+++ DATASET CONTENT +++

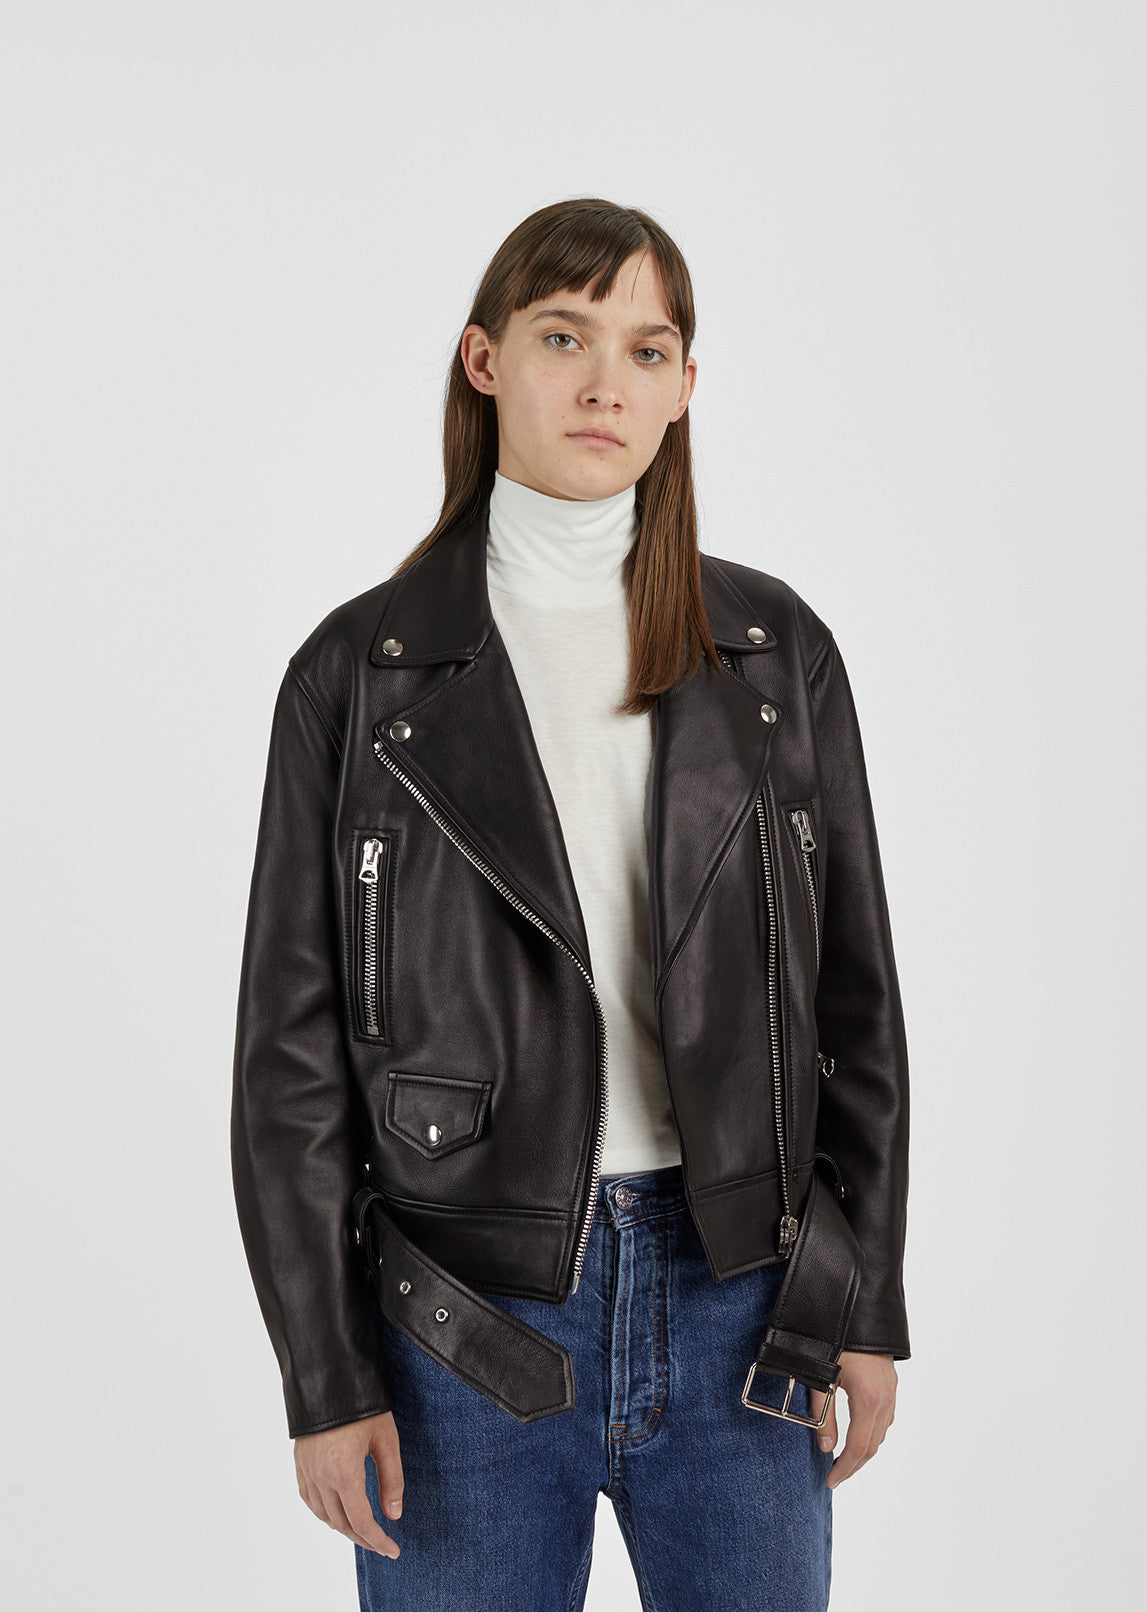 Merlyn Leather Jacket by Acne Studios- La Garçonne
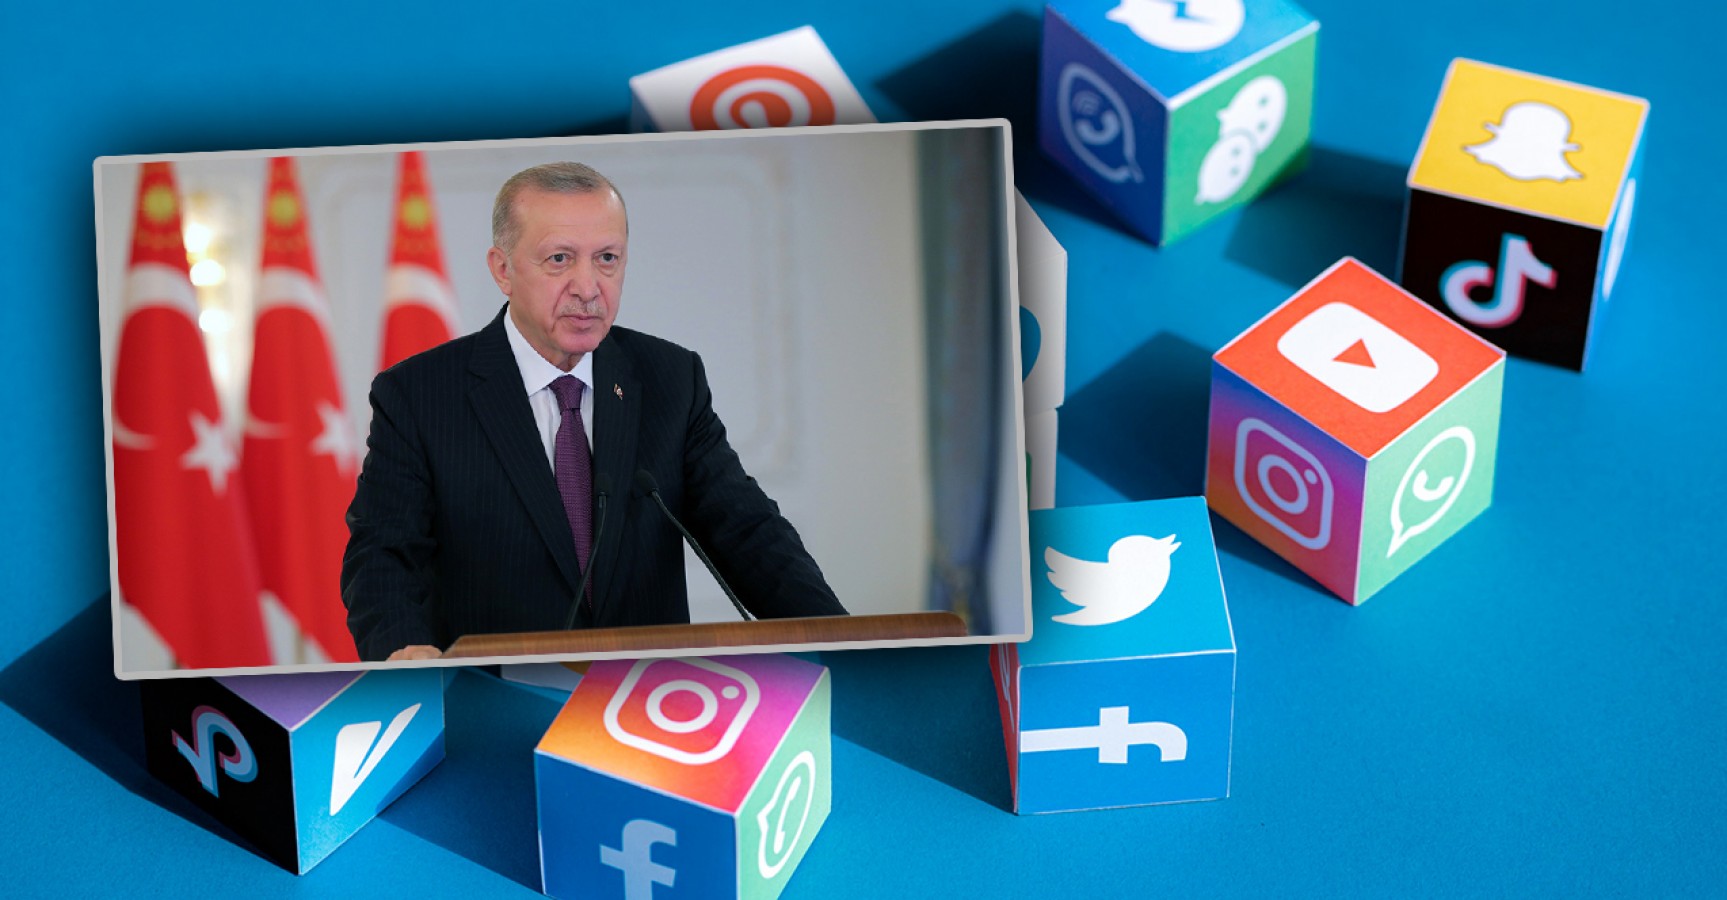 Cumhurbaşkanı Erdoğan'dan sosyal medya mesajı: "Milli güvenlik tehdidi";
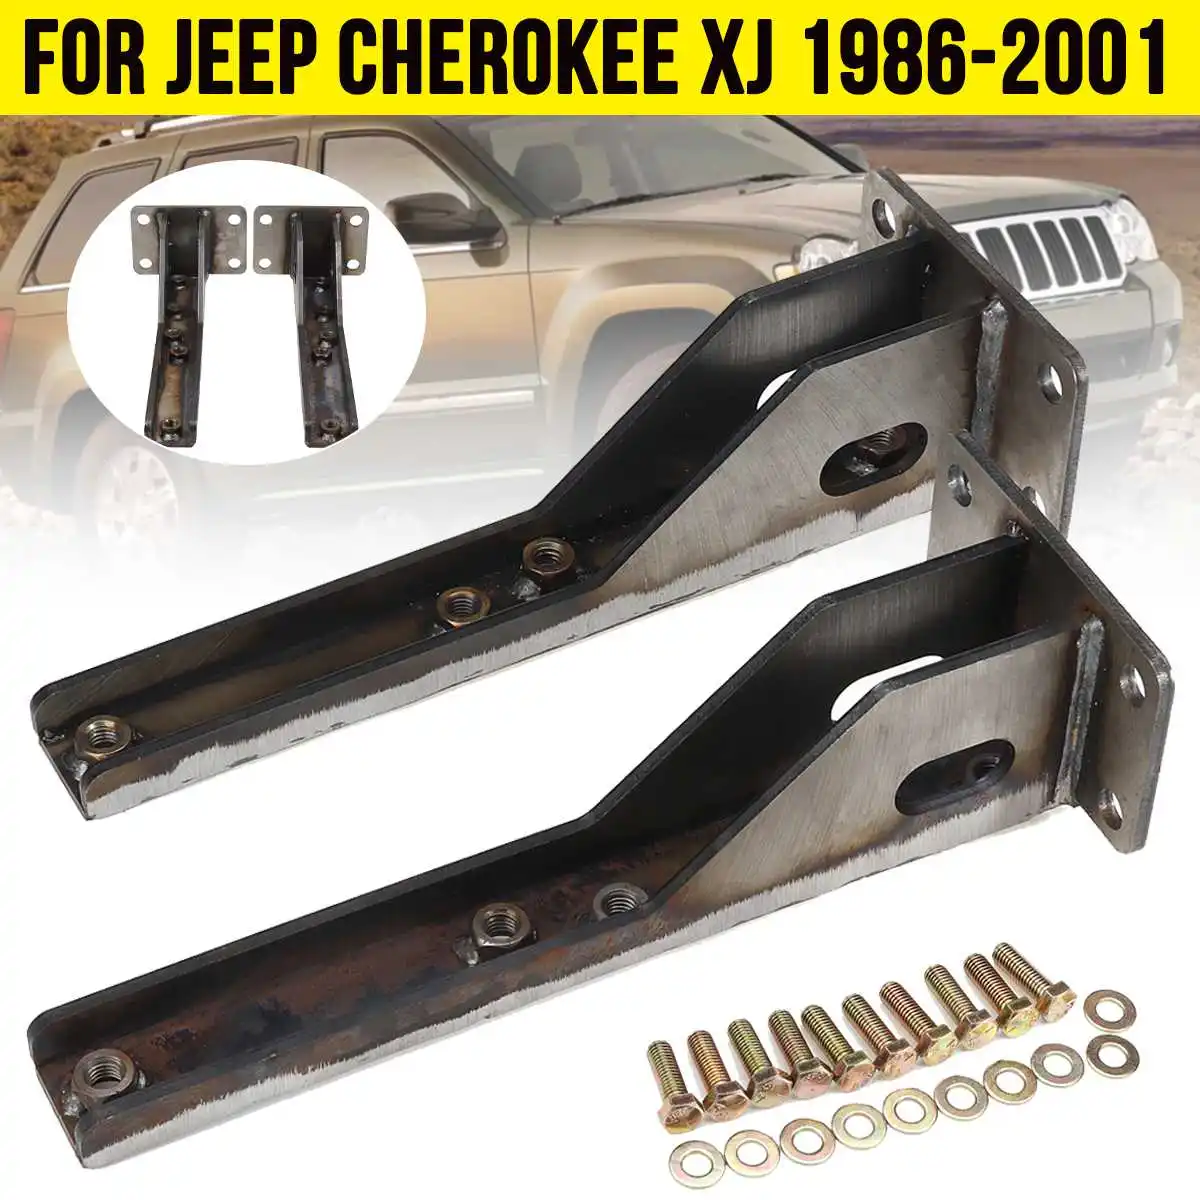 

2ocs Rear Bumper Brackets for Jeep Cherokee XJ 1986-2001

+++

_EXERCISE DETAILS_
Nothing but the lines from the line with "Cumhurbaşkanı Erdoğan'dan sosyal" through the last line of the listing above should be repeated, and pictures should be left out.

_RESPONSE TO THIS TASK_
 Cumhurbaşkanı Erdoğan'dan sosyal medya mesajı: "Milli güvenlik tehdidi";

2ocs Rear Bumper Brackets for Jeep Cherokee XJ 1986-2001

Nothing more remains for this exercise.